Элли не смогла сдержать смех.
– Ладно, подруга, считай, что это лекарство. Опять же, там сахар. А тебе нужны углеводы. Вот.
Заставив Мэдлин проглотить таблетки, Милли помогла ей улечься набок.
– Как себя чувствуешь?
Стуча зубами, Мэдлин проговорила:
– Х-хуево.
Милли подоткнула ей одеяло, потом нашла еще одно.
– Тут где-то лежат бутылки с кипятком, – сказала она Кейт. – Принеси мне парочку. – Посмотрев на Элли, она пожала плечами. – Делаем, что в наших силах.

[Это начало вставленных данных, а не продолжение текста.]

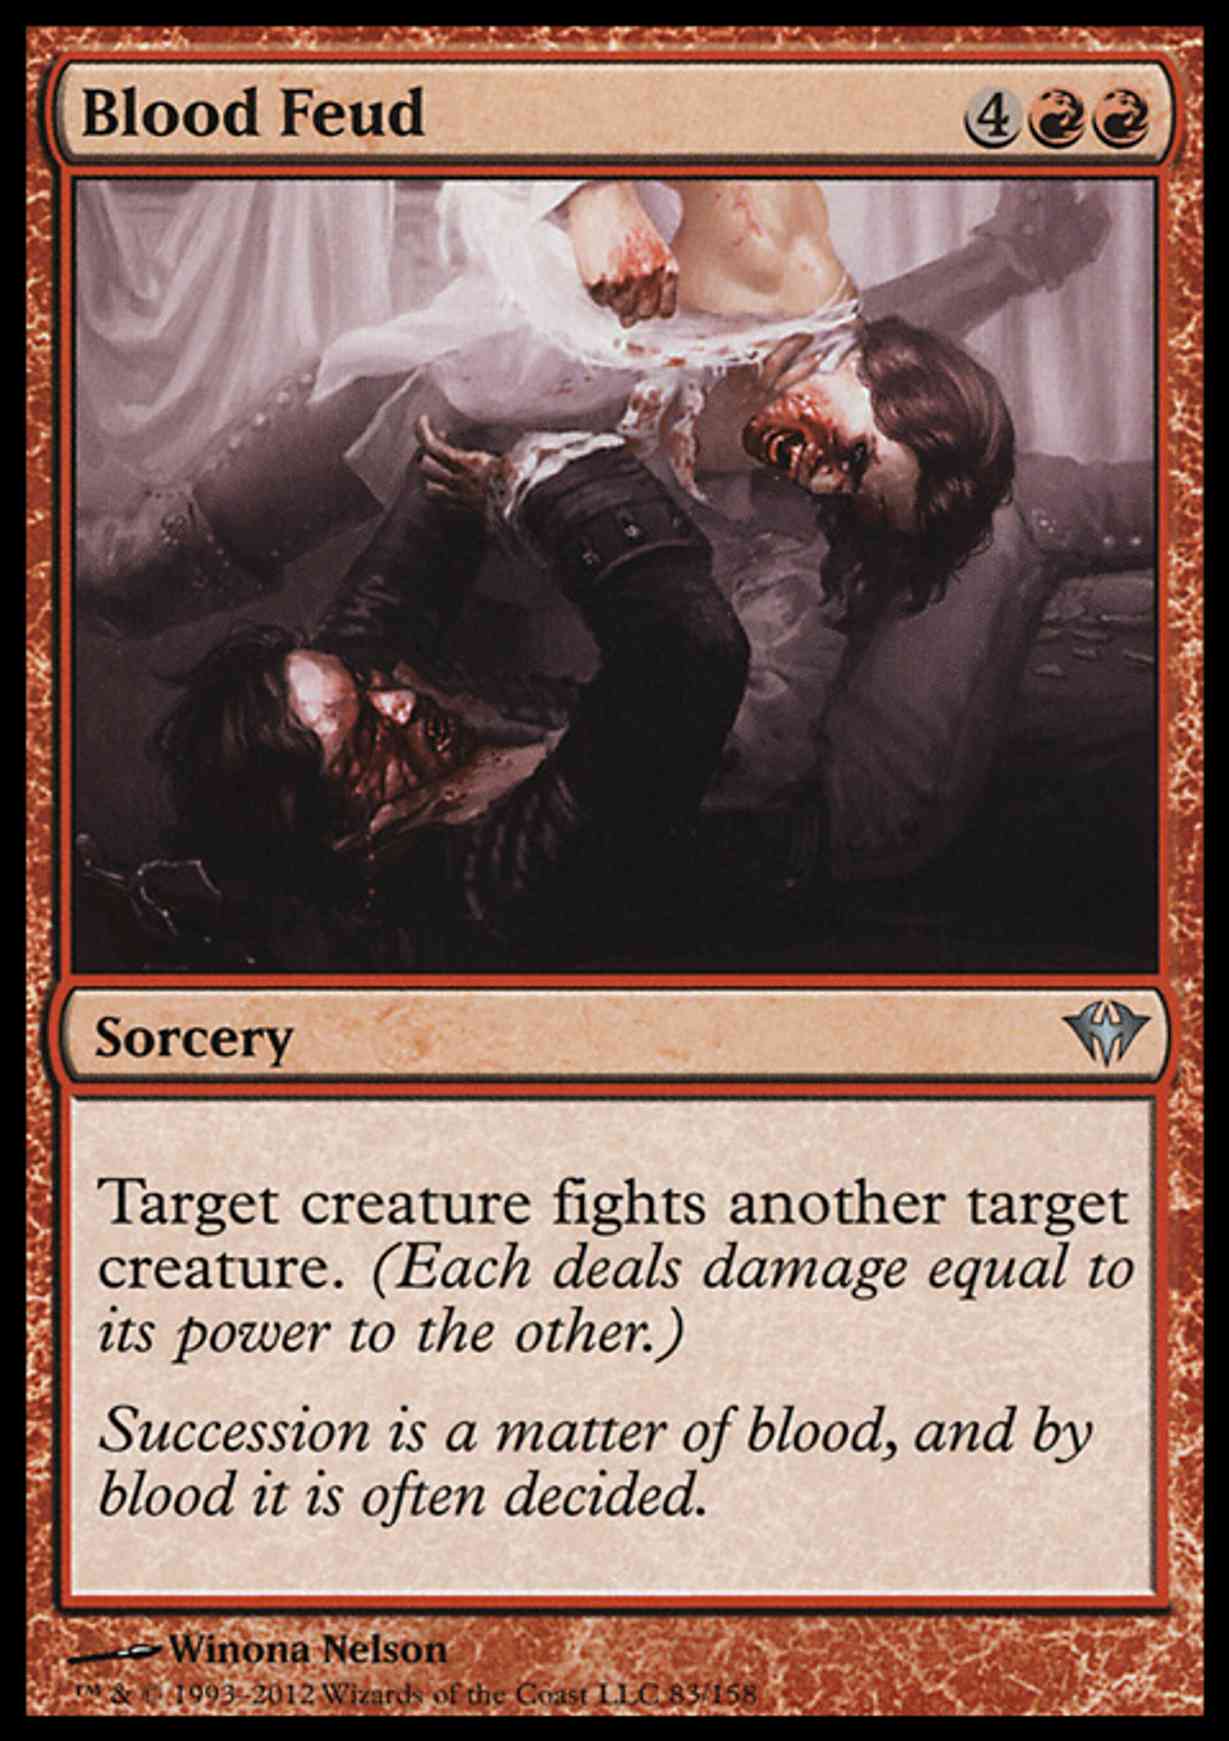 Blood Feud magic card front
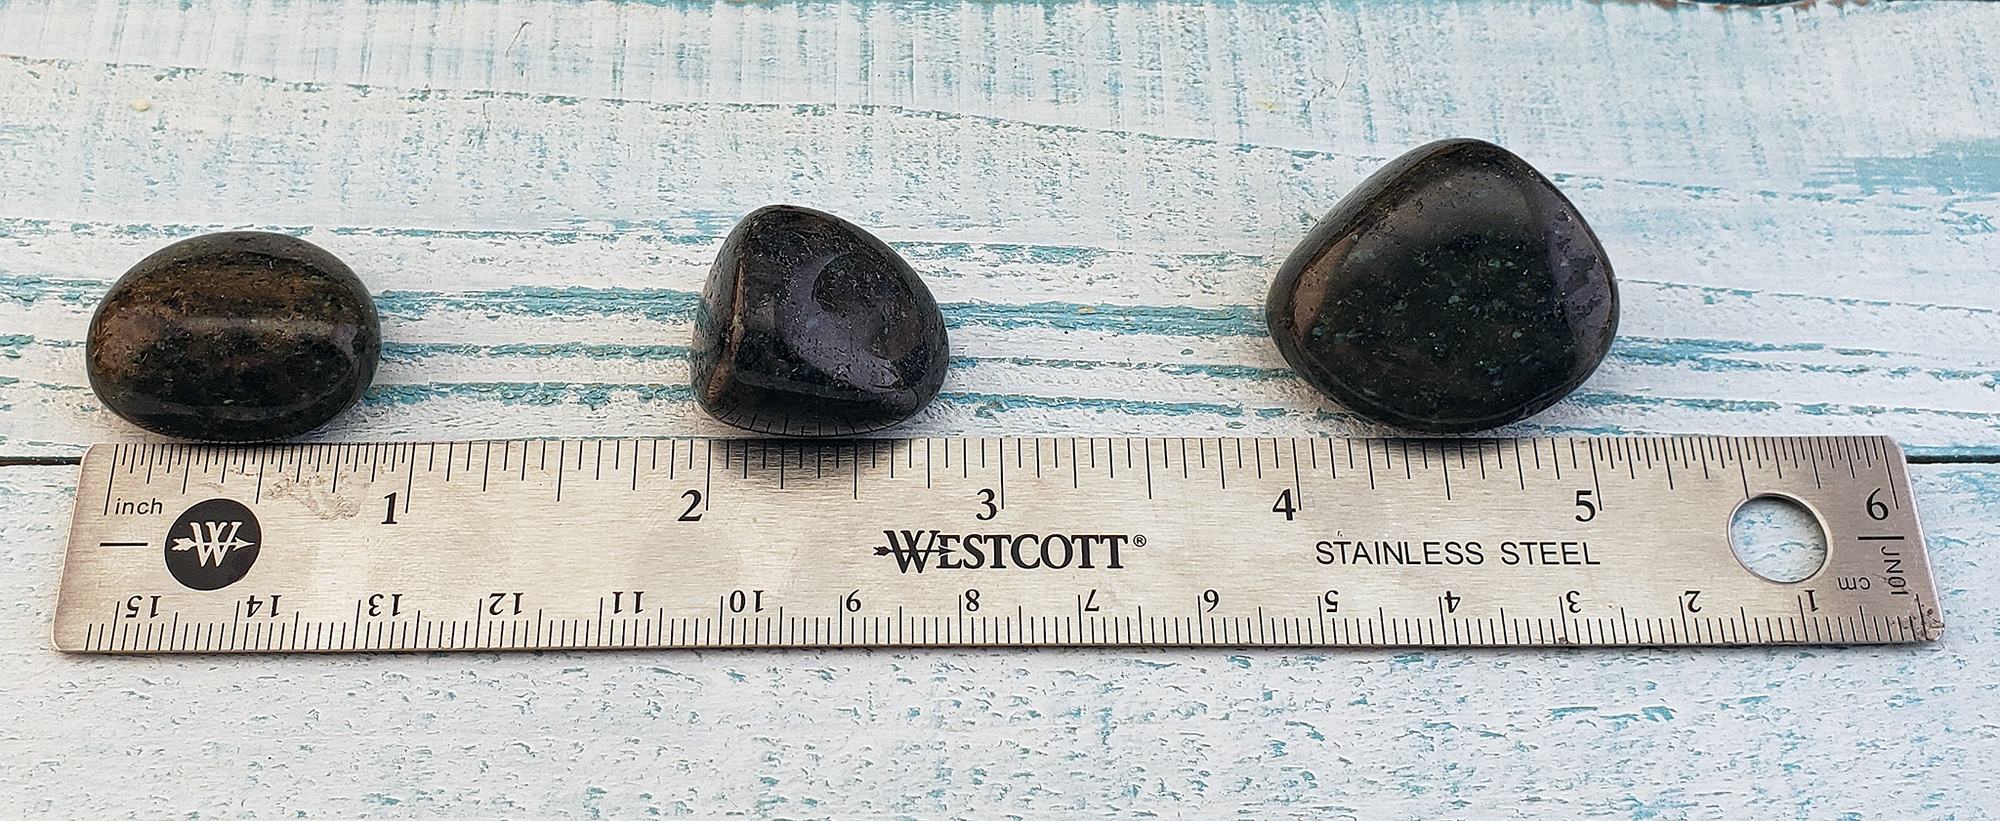 Micro Labradorite Tumbled Polished Natural Gemstone - Size Comparison

– De profundis, – прошептала Мэдлин. Ее глаза снова закатились. – De profundis, Domine. Fiat lux. Fiat lux.
– О чем это она? – спросила Элли.
– Я бы сказала, что она говорит на языках[18], – ответила Милли, – но по-моему, это латынь.
– Похоже на то. – Ноэль наклонился, открыл рот, но не успел ничего сказать, как Мэдлин снова заговорила, на этот раз громче:
– Внизу, во тьме, в предвечной тьме. В глубинах Хаоса вижу их шевеление. Великаны. Тирсы. Они восстанут! Восстанут! Из Гиннунгагапа, с трупного берега Настрёнда, Ймир и его отродье, Вёрнир и Сурт, Восуд и Хирроккин, переходят Черную реку в поисках ненавистного света. Они восстанут! Восстанут! Из Дубноса, из Дома Донна, явятся Йсбаддаден и Кантриг Бвт, Бендит-и-Мамау с грозными кораниаидами у них в свите! Из Ганзира и Иркаллы придут Абзу, Тиамат, Эребос и Никс с сонмами акрабуамелу, чей взгляд – сама смерть! Тоху ва-боху. Тоху ва-боху. Внизу, в пасти Хаоса, Апеп, Тифон, Эвримедон, Айгайон предчувствуют окончательную смерть солнца! Из Бездны поднимаются Чернобог, Уиро, Лотан, Тлальтекухтли! В глубинном предвечном мраке обитают Унхцегила, Туннану, Фалак, Иллуянка! Из древней ночи приходят Вритра, Амацу-Микабоши, Батара Кала, Ниргали, Раван и маршируют легионы Кравьяда. Они поднимаются! Они поднимаются! Старые боги просыпаются, солнце умирает. Вода и твердь погибнут, и предвечная ночь наступит навсегда. De profundis, Domine! De profundis! Fiat lux! Fiat lux!
Ее глаза закрылись. Она заснула.
– Это что сейчас было? – спросила Элли.
– Черт побери, если б я знал, – сказал Ноэль. – Последние слова были на латыни, и где-то в середине я услышал валлийский, но остальное…
Некоторое время все молчали. Сказать было нечего.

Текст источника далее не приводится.